イオリンの手紙

瓶詰めの紙切れ

戯れて

僕の住む町からは、日本アルプスがよく見える。 僕はきっと35年以上生きてきた今でも、人間社会において腹落ちして生きる術を見つけられていないのだろうなあ、と思う。別にこれは悲観的になっているわけではなく。 本当は、あの山々に住む生き物のように、僕も毎日を享受したいのだけれど、どうにも「人間」というだけでそれをすることがとても難しくなってしまう。
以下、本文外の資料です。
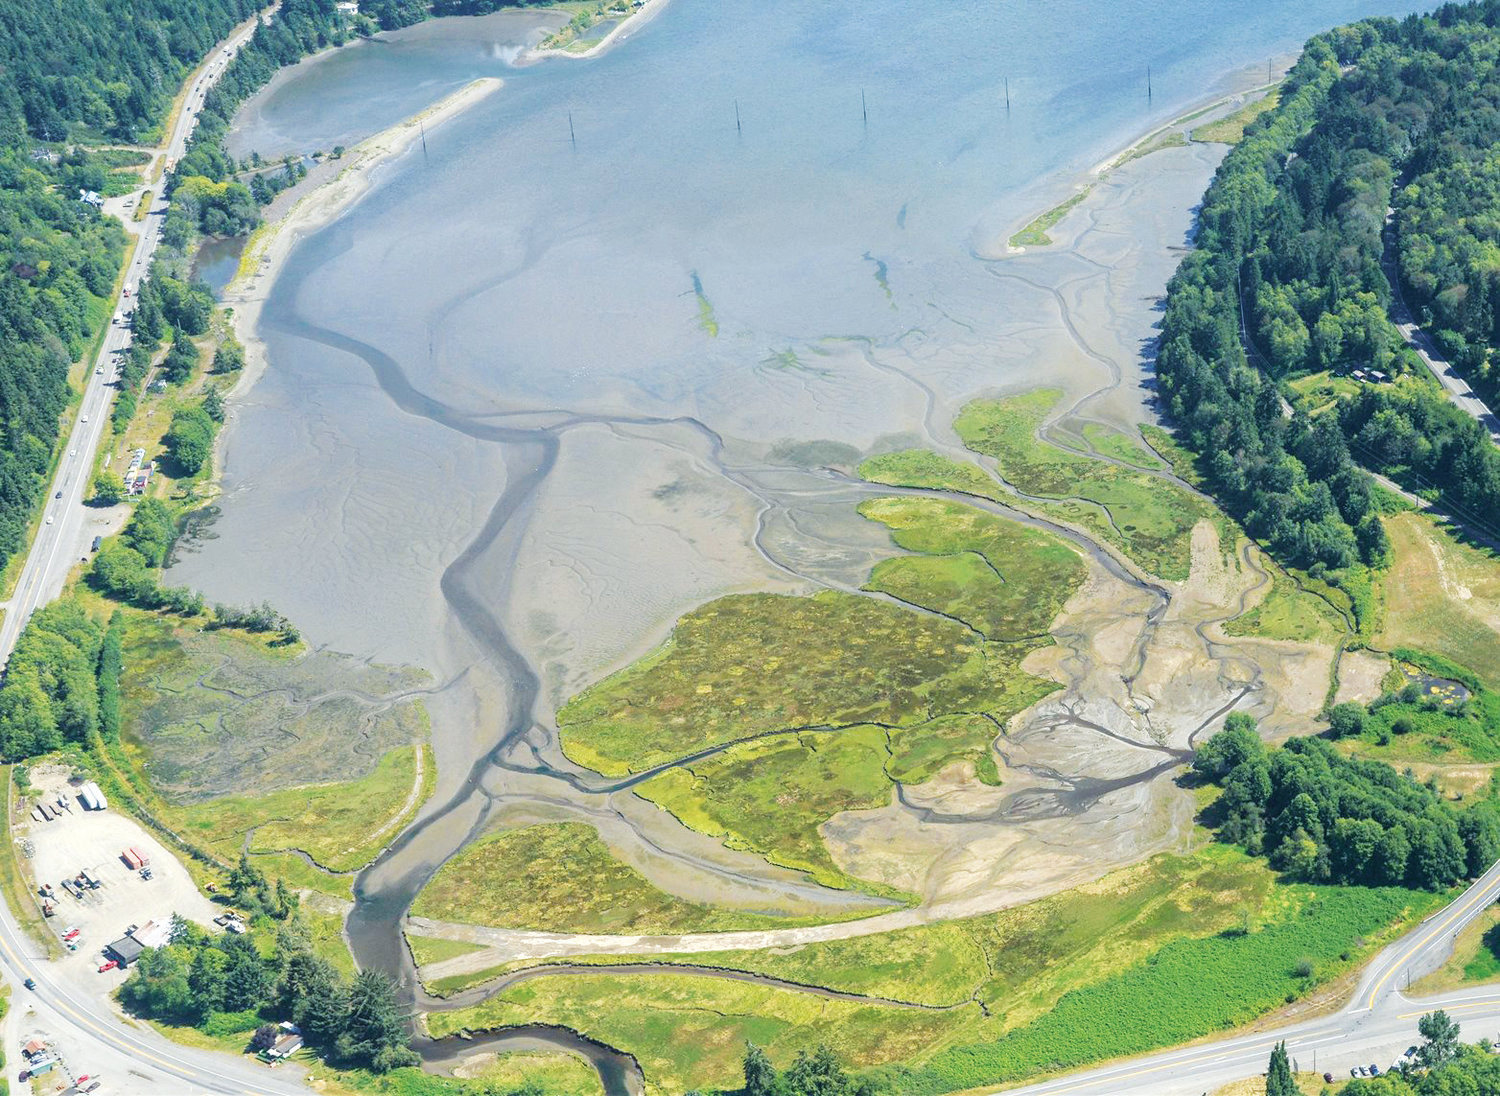 Discovery Bay, an estuarine salt marsh habitat, freshwater marsh, sand spit, tide flats, tidal channels and the mouth of a fish-bearing stream, provides critical habitat for federally listed salmon species and other fish and wildlife, such as Olympia oysters, forage fish and migratory shorebirds.
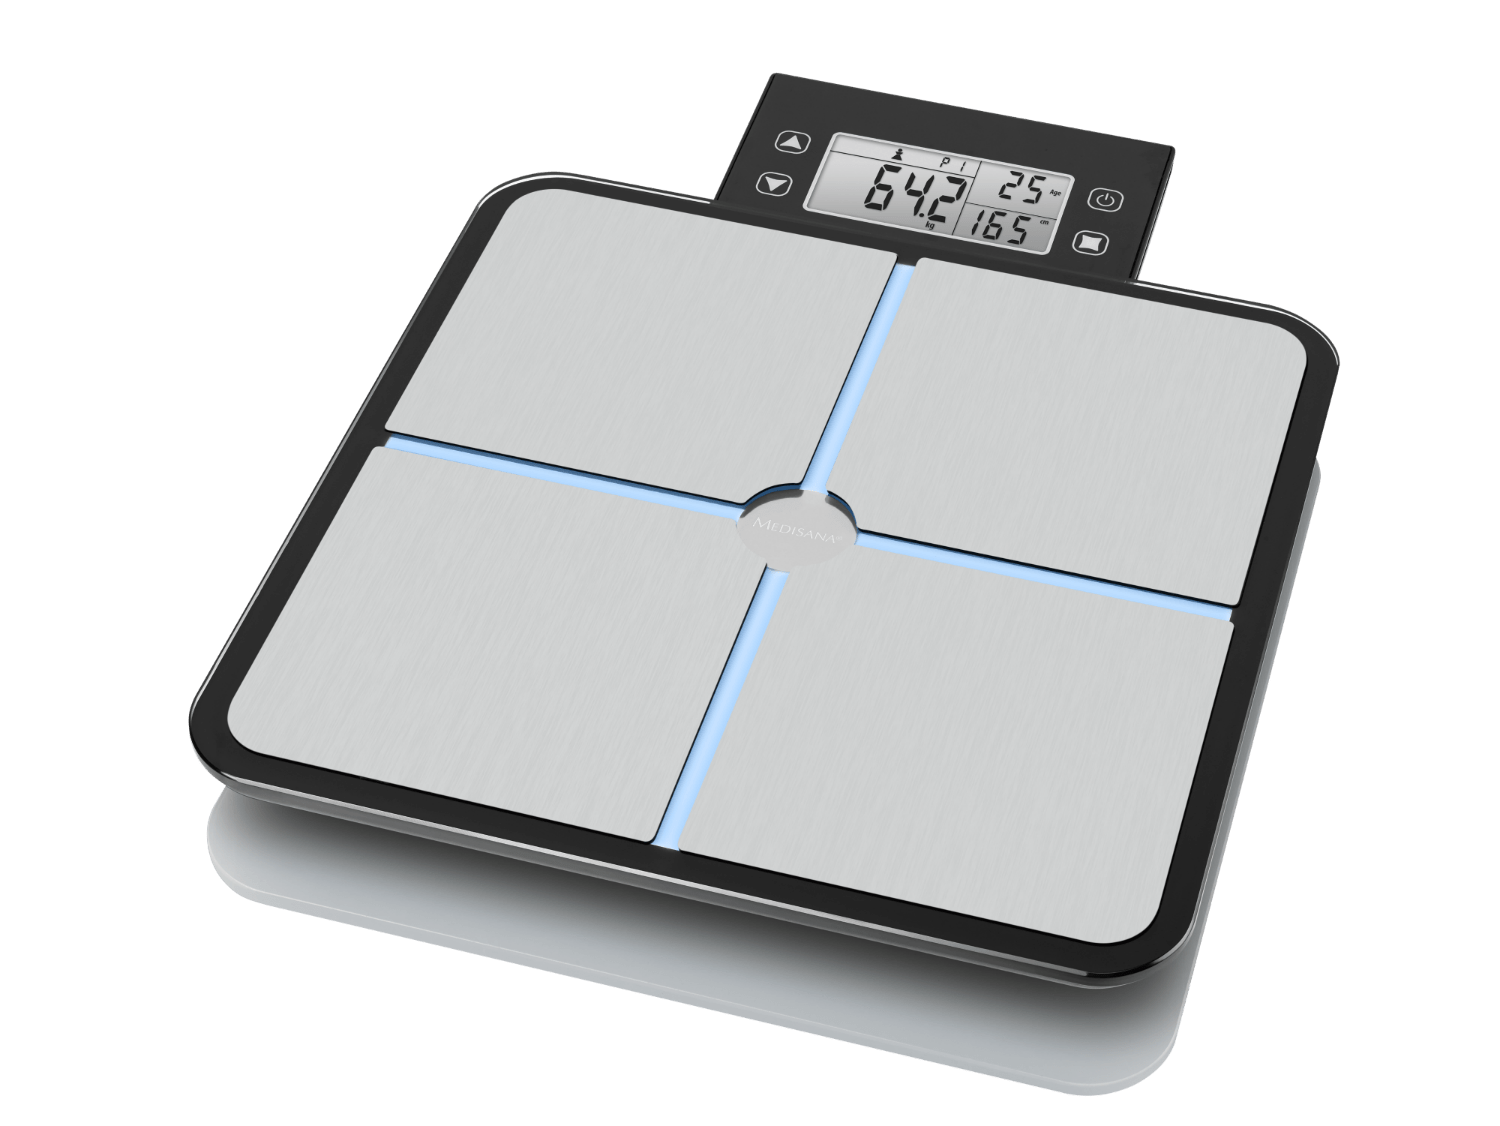 Body Weight Scale – Medisana BS-460 w/Detachable Display

いや、人間だけじゃなくって、動植物もそうで、必死に生きているのに、ある日突然、人間に追い掛け回されて殺処分されたり、除草剤を撒かれたりするわけだから、僕だけがどうこう云うハナシでもないのだけれど。 思えばこんなところに来てしまったな、と思うことはある。なまじっか社会で生きてこれたし、なんだかんだもがいてきた自負もあって、社会における一角のナニカにはなれたのかもしれない。でも、ずっと迷子になっているというか、歩きながらもずっと後ろを振り返ったりキョロキョロしたりしてしまう。 こういうとき、実写映画版ちはやふるの劇中に出た「かるたが一番楽しい時は、いつやった?」という言葉を思い出す。それはやっぱり「これって、おもろいやろ」というのを、ただそれだけで追い求められた時だろうな。やるべき、とかじゃなくって。「おもろいやろ」「おもろいやん」だけでやる。 今年に入って「博覧強記」というものに憧れてきたけれど、僕は知を、使命感にも義務感にも使いたいわけじゃない。そうなると、知は理論武装のための道具になる。そうじゃなくて「おもろいやろ」を得るための肥やしにしたい。トンビとカラスが戯れるように、僕も戯れていたい。